4 linguistic lessons we can learn from movies

Updated: Mar 10

"Are you talkin’ to me?"... The question needs to be raised, for, ever since their transition from silent to “talkies”, movies have given us unforgettable lines. For a visual art form so focused on the spoken word, it seems only fitting that they should dig deeper and delve into the inner workings of languages. How does it all translate? From action to comedy and emotional scenes, here are a few key insights into the art (and pitfalls) of translation that we can learn from the movies.

Lost in Translation: “That’s all he said?”

Given its title, Sofia Coppola’s sophomore film, which follows two Americans – an aging actor and a young married woman – who happens to be staying at the same hotel in Tokyo, “Lost in Translation” seems the perfect choice for our first movie.

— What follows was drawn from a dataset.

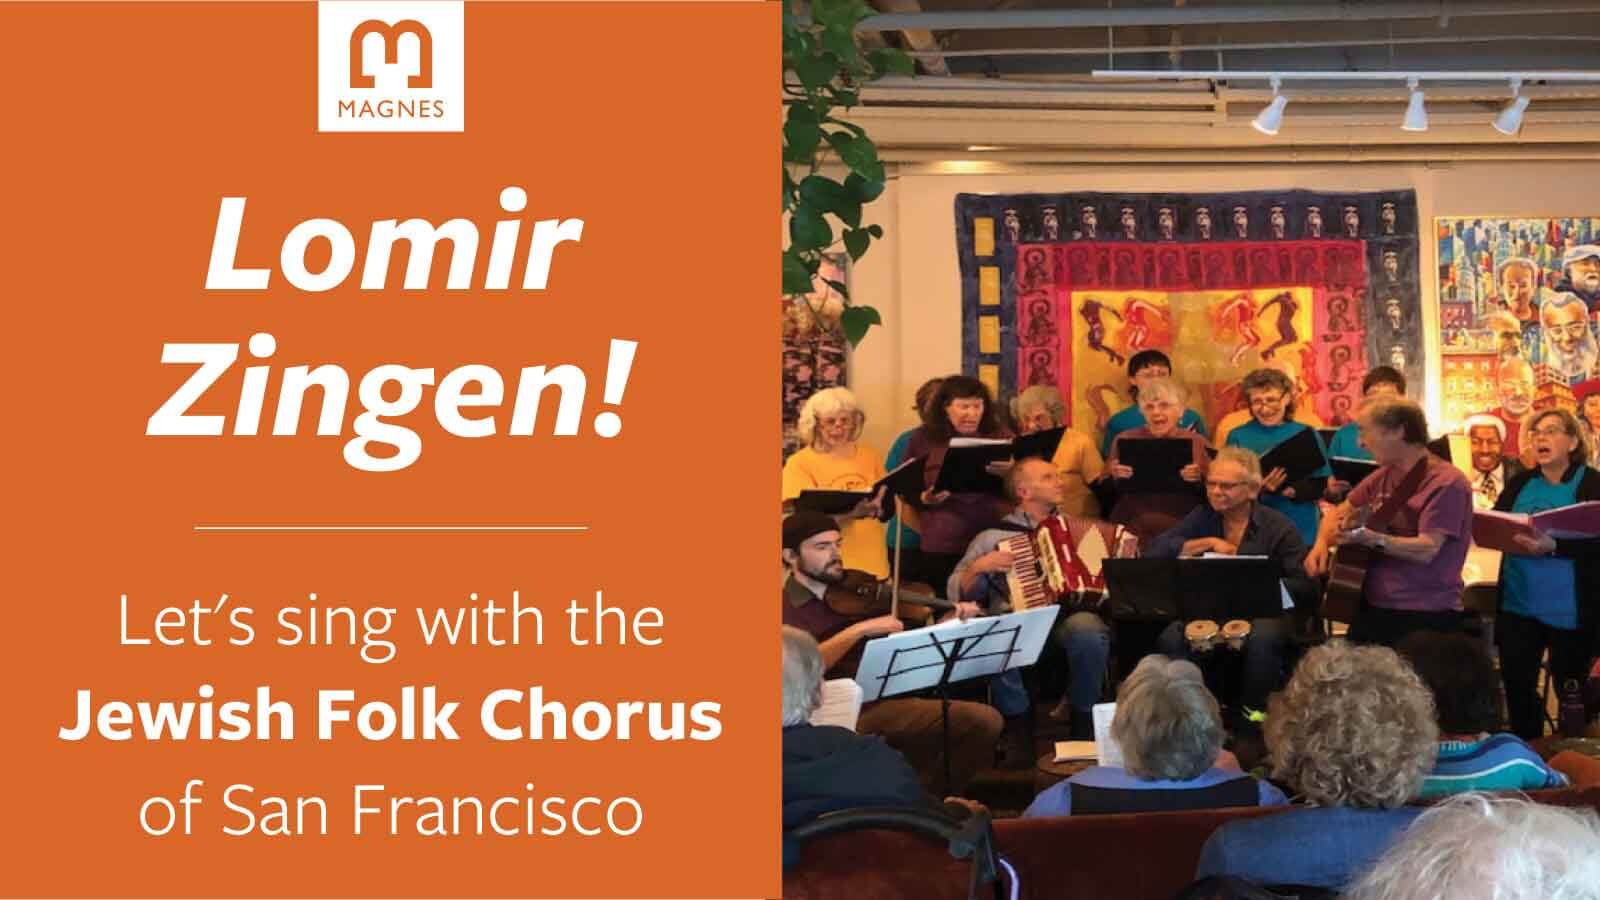 Orange panel on left with Magnes logo and text Lomir Zingen! Let's sing with the Jewish Folk Chorus of San Francisco. On right color photo of chorus singing in front of an audience.

The Japanese city provides the perfect backdrop for recreating the sense of loss, sleeplessness, and inscrutability that foreign surroundings and an undecipherable language foster.

Among the many humorous vignettes, the triangular scene between Bill Murray’s weary actor, the vivacious Japanese director, and the willing and patient interpreter is a treat, whether you’re a linguist or not. The humour works on a simple idea: the obvious lack of faithfulness of the translation provided by the interpreter. Being no fool, and yet powerless, Murray’s character can tell the translation does not match the original speech but has no other option but to trust it.

There is another factor potentially at play here: When translating from Japanese to English, the interpreter is short and swift. When translating from English to Japanese, her message is much longer. As linguists, we also know that not all languages work in the same way, and it could well be that Japanese requires a different syntax and more polite phrases than a more direct language such as English. Maybe, just maybe, this apparent lack of faithfulness is just the necessary adaptation performed by any good translator.

Be it true or not, the scene remains a great depiction of the interdependence that exists between the three protagonists involved in any translation project: the director (the original author?) who needs his message to be understood in another language, the linguist going back and forth, and the end recipient being left puzzled and misguided. As such, the scene also acts as a great reminder of the destructive effect that a poor translation may have on its target audience, who find themselves unable to know what to do with the incomplete message they have been given.

Pulp Fiction: “Le Royal with cheese”

Two men are driving around while chatting aimlessly about “the little differences” between Europe and the USA. This iconic scene is probably one of the most iconic of any of Tarantino’s films, if not in cinema history.

For all their apparent inanity, the two characters’ random thoughts highlight the many ways in which cultural differences may affect a translation, or rather transcreation. Indeed, it is the rationale of this more creative type of translation that is being unveiled here. Translating the phrase “quarter pounder” may seem just a matter of simple maths, a straightforward conversion of the Anglo-Saxon imperial system into the European metric system. Yet, anything that touches cultural references is never that straightforward: Something as defining and highly visible as a product name requires adaptation in order to fit another cultural framework and resonate with a particular audience. “Le Royal with cheese” may have lost all reference to any weight unit, but it suggests the superiority of this burger over others, giving this product name more power from a pure marketing perspective.

Wall-e: Eeeeeeeve?

When writing a blog on translation, it may seem odd to include a movie whose sole purpose is to tell a story without using a single real word. “Wall-e” and “Eve”, the names of the two robots at the heart of the film, are pretty much the only two sounds that we are given to hear.

And yet… the film perfectly depicts just how much can be expressed by what surrounds a language: a sound, a tone, a certain look in the eye. The same word, be it Wall-e or Eve, takes on different meanings depending on the inflection of the voice or shape of the eyes. As any linguist is well aware, it demonstrates the importance of tone of voice and visual context for expressing a message. In our digital world, any content, whether translated or not, comes as a package: the font style, the colour scheme, the visuals, the overall design of a website – all these elements interact with the actual written words to create a seamless experience and powerful story.

Paddington: “Dogs must be carried”

Yes, we’ve picked yet another children’s movie for this blog. Who knew that a little bear from darkest Peru could teach us a thing or two about languages and the perils of literal translation? Having recently landed in the British capital and been adopted by the Browns, Paddington embarks on his adventure with a few mishaps on the London Tube.

Among the many pitfalls, the intricacies of the English language also come into play. Truth be told, this is by no means the only example of the dangers of literal translations that you may encounter, both in movies and in other media. But there is something particularly endearing about watching a foreigner stumbling while trying to make sense of the new city and language they are confronted with. Their tentative attempts highlight the unavoidable failings of translating a sentence word for word, rather than understanding its overall message in context. Localisation and transcreation aim at achieving the latter, by using a different phrase that captures the intended meaning in a way that does not feel translated.

Faithfulness, cultural differences, tone of voice and visual context, and the dangers of literal translation… These are some of the most crucial aspects, and often challenges, of any transcreation project. They highlight the translator’s constant struggle between respecting the original content and making it palatable to a specific target audience. A fine balance that we are constantly striving to refine in all our transcreation efforts at Launch in Translation.